Open Harleen8118 opened 9 months ago
Sliding attention - in principle - just allows the model to run faster by only considering a portion of the input context. If anything, it technically degrades performance rather than improves it.
In practise, the sliding attention hasn't really been used by Mistral and most Mistral models seem to effectively set the sliding window length to the full input context length...
Please correct me someone if I'm mistaken on this.
I'm not really sure but here's why I thought it will be better: 1) Extending full attention has proven to be ineffective, as the model only tend to remember first and last parts of the tokens. 2) Sliding windows can fix this by Sliding through the tokens and considering specific parts of the input tokens while predicting next output token. This should result in better RAG and prompt following in general.

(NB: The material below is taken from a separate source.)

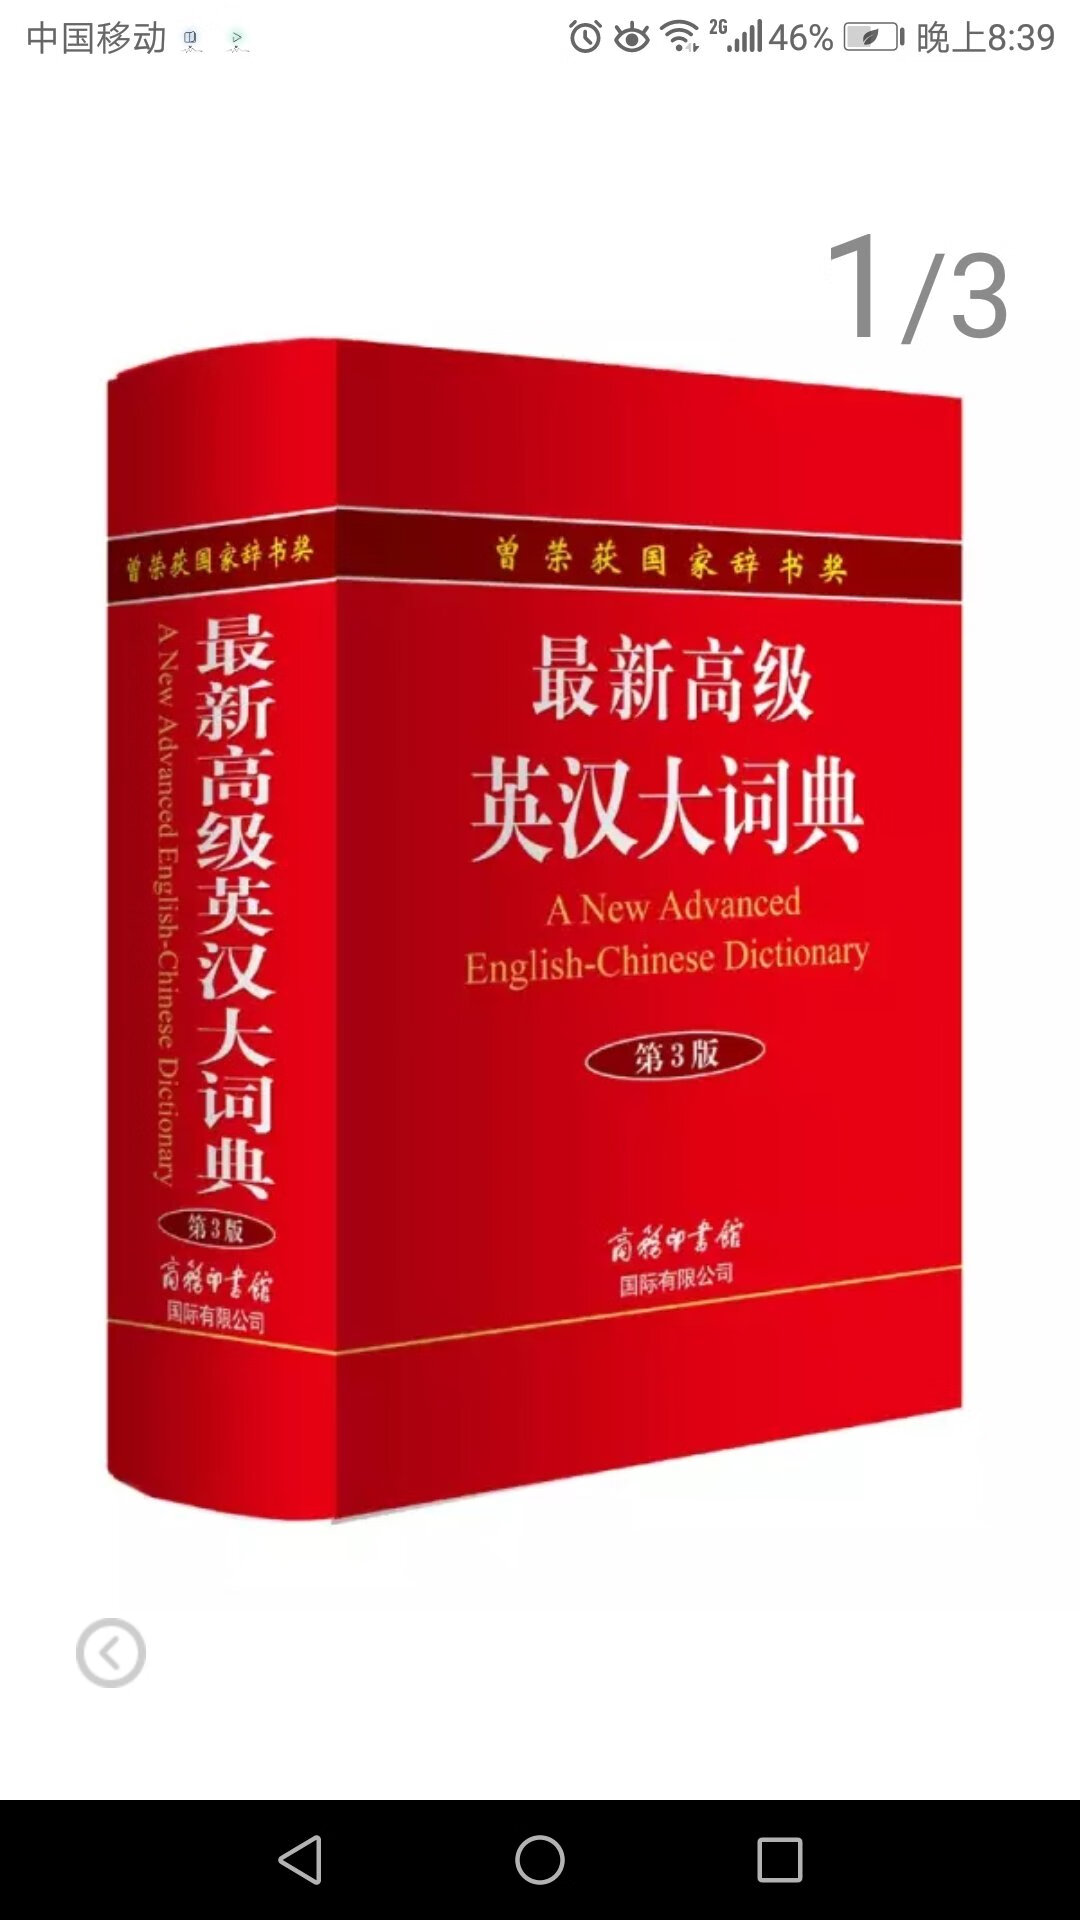 很好用的英汉词典，

Please correct me if I'm misinterpreting somethings. Thanks )
Properly trained models are able to do passkey retrieval on all of the text. Test GPT4 or DeepSeek Coder or Yi models and they all succeed. They use standard attention (no sliding window).
By definition, sliding window attends to less of the text than full context, so it performs worse on perplexity but is faster to inference.

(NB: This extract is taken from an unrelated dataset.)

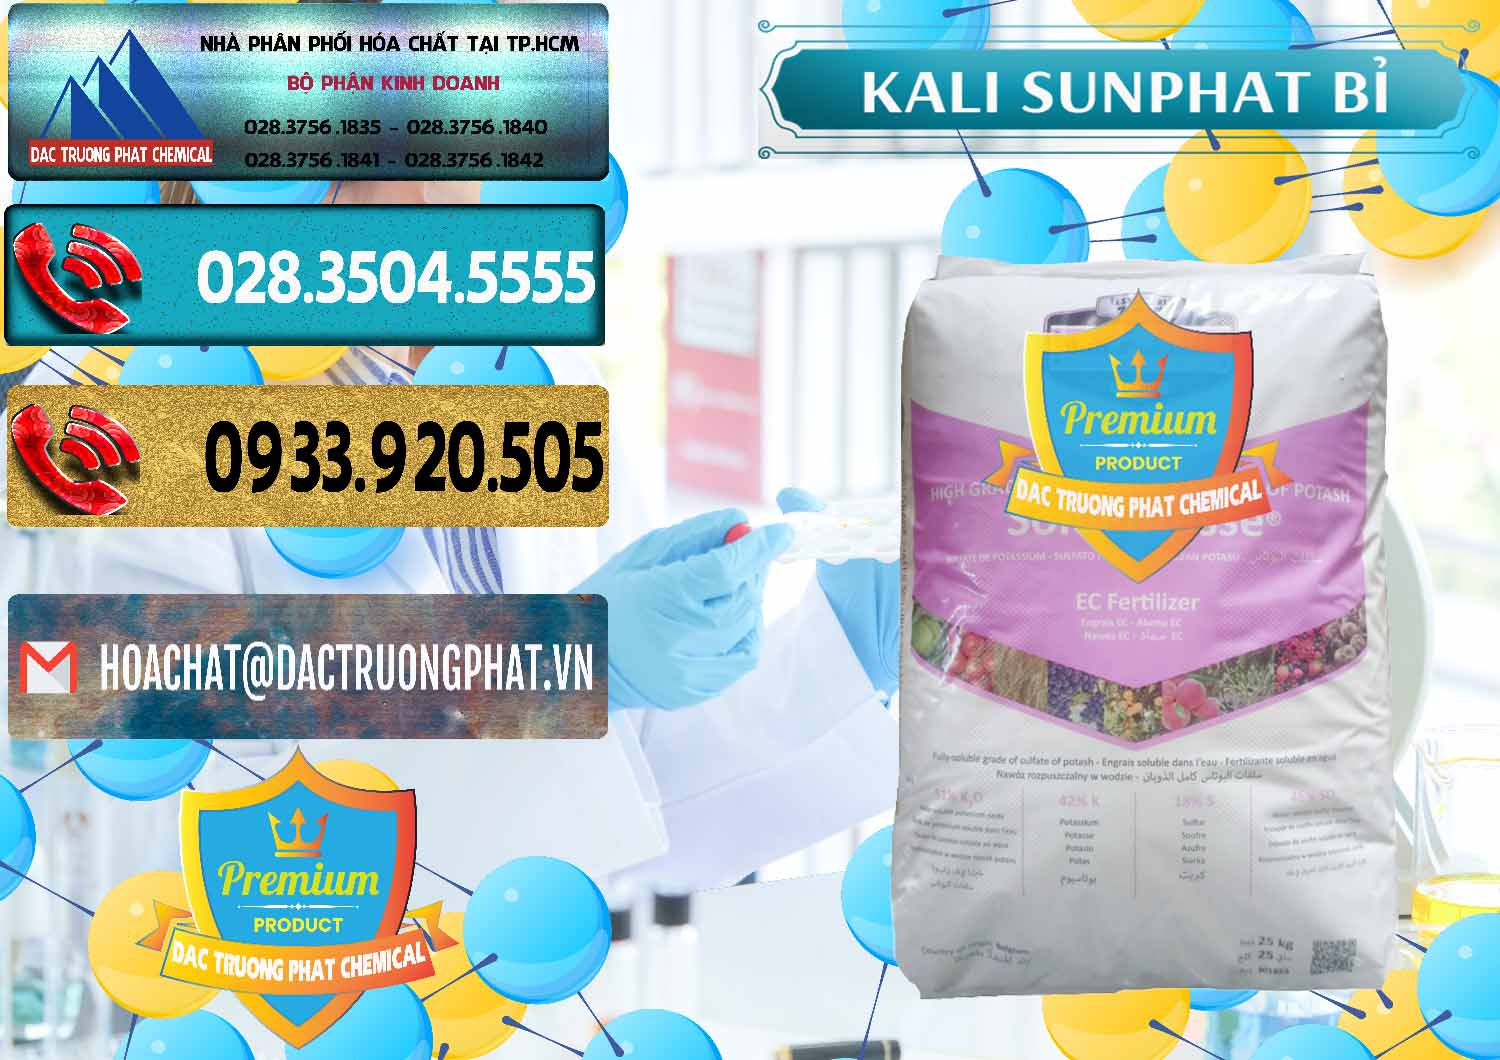 Cty cung ứng _ bán Kali Sunphat – K2SO4 Bỉ Belgium - 0406 - Công ty chuyên bán & cung cấp hóa chất tại TP.HCM - hoachatdetnhuom.com

I agree with @RonanKMcGovern here on the effectiveness of sliding window attention (even though I have not done an apple-to-apple comparison.) Would appreciate it if someone could submit a PR of the sliding window so I can then find some time to run some small-scale experiments.
Sliding window context is one of the tricks that makes Mistral 7b so good at prompt following. Can you add this sliding window to tiny llama's architecture?